Зато в нашей компании его любили. Особенно я его любил. Я воспринимал его, как уже признался, в качестве сказочного персонажа, он представлялся мне крошечным обитателем магического повествования, тем самым мальчиком в лапоточках, которого отправляют в лес за таинственным трофеем. Не скрою, я всегда был оголтелым русофилом, всегда грезил о неведомой и вымышленной России – о дремучей и буреломной стране сказок и причитаний. Хоть и назвал я эту страну «вымышленной», но она действительно существует, скрываясь за спинами иных Россий. И тайное ее дыхание ввинчивается и в сердцевины больших тяжеловесных городов. Будучи городским еврейско-московским малышом, видел я в сновидениях своих те тропки, что уводят к зачарованным болотцам, видел светящиеся глаза сов, сияющие из-за еловых ветвей, видел оживающие грибы и замшелые избушки, пьяно танцующие на друидских полянках. Я бредил иллюстрациями Билибина. Ненавидя всем сердцем свой детский сад, я все же относился с подобием трепета к этому сталинскому особняку с щербатым барельефом над входом, изображающим играющих детей в измятых гипсовых трусах. А все потому, что скрывался в этом особнячке билибинский зал, предназначенный для праздников и новых годов. Там все стены покрыты были фресками, воспроизводящими сказочные иллюстрации Билибина. Там устанавливалась новогодняя ель, щедро облитая серпантином, там танцевали послушные снегурки под руководством краснощекого и гоготливого Деда Мороза.

 
Дремлет Соня Непробудко
В красных тапочках на вате
Пляшет плюшевый мишутка
На пружинистой кровати
И в генштаб не дозвониться
Сквозь телефонисток стон
Дальний маршал Беспробудный
Мнет окопный телефон
И весной выходят дети
Все соседи по парадной
Чтоб творить в дворовом свете
Малых игр обряд надсадный.
Все друг друга знают, знают
Все друг друга помнят, помнят
По детсаду и по школе
По дворовым сладким играм.
Знают Дыма Сигаретова
Знают Гроба Подземельского
Знают Машу Длиннопалову
Знают Тулу Подусталову
Помнишь Аду Искрометову?
Помнишь Раю Белорадову?
По асфальту, по нагретому
Птички гнилостные шастают.
Словно плюшевые мишки
В ослепительном дворе
Хулиганские мальчишки
Больно липнут к детворе
Нежный Адик Гитлерович,
Страшный Гена Гимлеренко
Жирный Гера Герингаев
Гебельсян и Борманюк
Там и сям мелькают брючки
Расклешенные, без дела
И во всех карманах штучки
Заостренные для тела.
Мальчики из подворотни
В серых кепках набекрень
А в зубах мерцает тускло
Беломора поебень
Знаешь Стаса Дилакторского?
Знаешь Спаса Крематорского?
 

Деревенского (постдеревенского) друга моего звали на самом деле Коля Ерошин, но я прозвал его Ерошкой. Под этим именем он и существовал в нашей компании. Я же фигурировал в этой шайке отщепенцев под странным именем Памел – с легкой руки Кости Воробьева. Всё, что делал и говорил Костя Воробьев, не имело и не могло иметь никаких рациональных объяснений. Точно так же навеки необъяснимым и непонятным останется происхождение этого прозвища – Памел. Почему Костя вздумал меня так назвать – неведомо. Памелы Андерсон тогда еще не было, не было и фрукта под названием помело. Имелось в наличии (в дискурсе) только помело Бабы-яги, но я сомневаюсь, что это транспортное средство сыграло какую-либо роль в создании данного прозвища.

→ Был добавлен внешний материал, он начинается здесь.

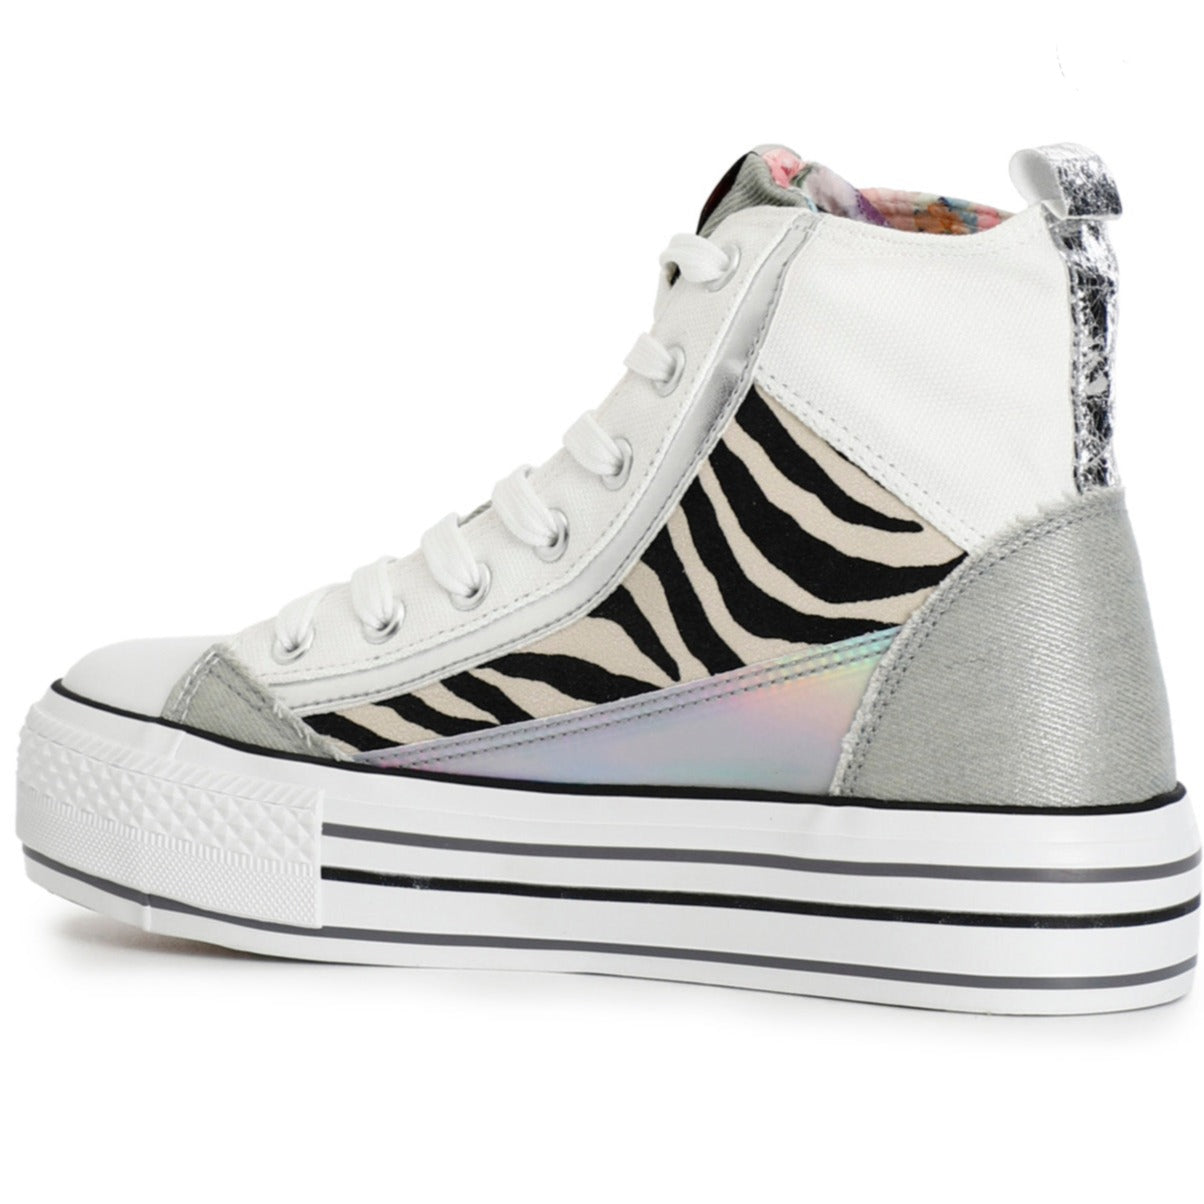 Sneakers CafèNoir woman white fabric zebra and silver inserts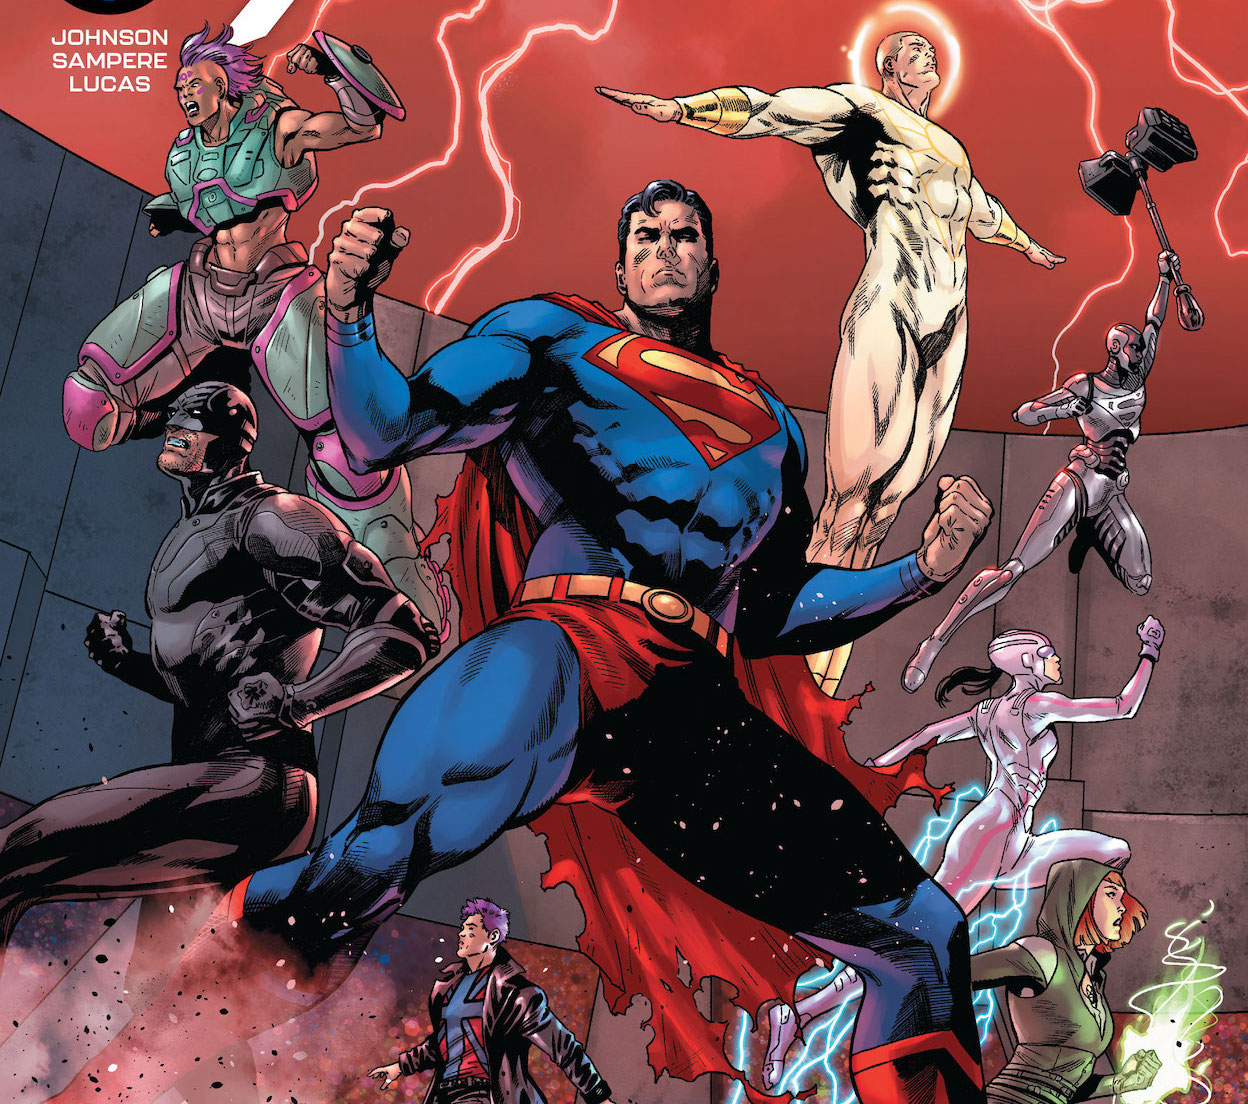 'Action Comics' #1036 is an impressive feat of worldbuilding

Странно устроена человеческая память. Пишу все это и отчетливо вижу (внутренним взором, как принято говорить) лица Пети Геллера, Антона Замороженного. Вижу божественное спящее личико Линды, вижу курносую простодушную мордашку Ерошки, вижу надменный раскрашенный лик Типа-Типунечки. А вот лицо Кости Воробьева, моего самого близкого друга тех лет, вспомнить не могу. А ведь я общался с ним каждый день. Я жить без него не мог. Я проводил с ним в пыльных просторах наших дворов гораздо больше времени, чем со всеми остальными. Каждый день я слышал, как в отдалении, в глубинах лабиринтообразной коммуналки, звенит дверной звонок. И кто-то открывает дверь. И сквозь запутанные, темные, неряшливые коридоры до меня доносится развяленный, как бы совершенно раскисший голос моего друга, задающего всегда один и тот же вопрос: «А Памел пойдет гулять?»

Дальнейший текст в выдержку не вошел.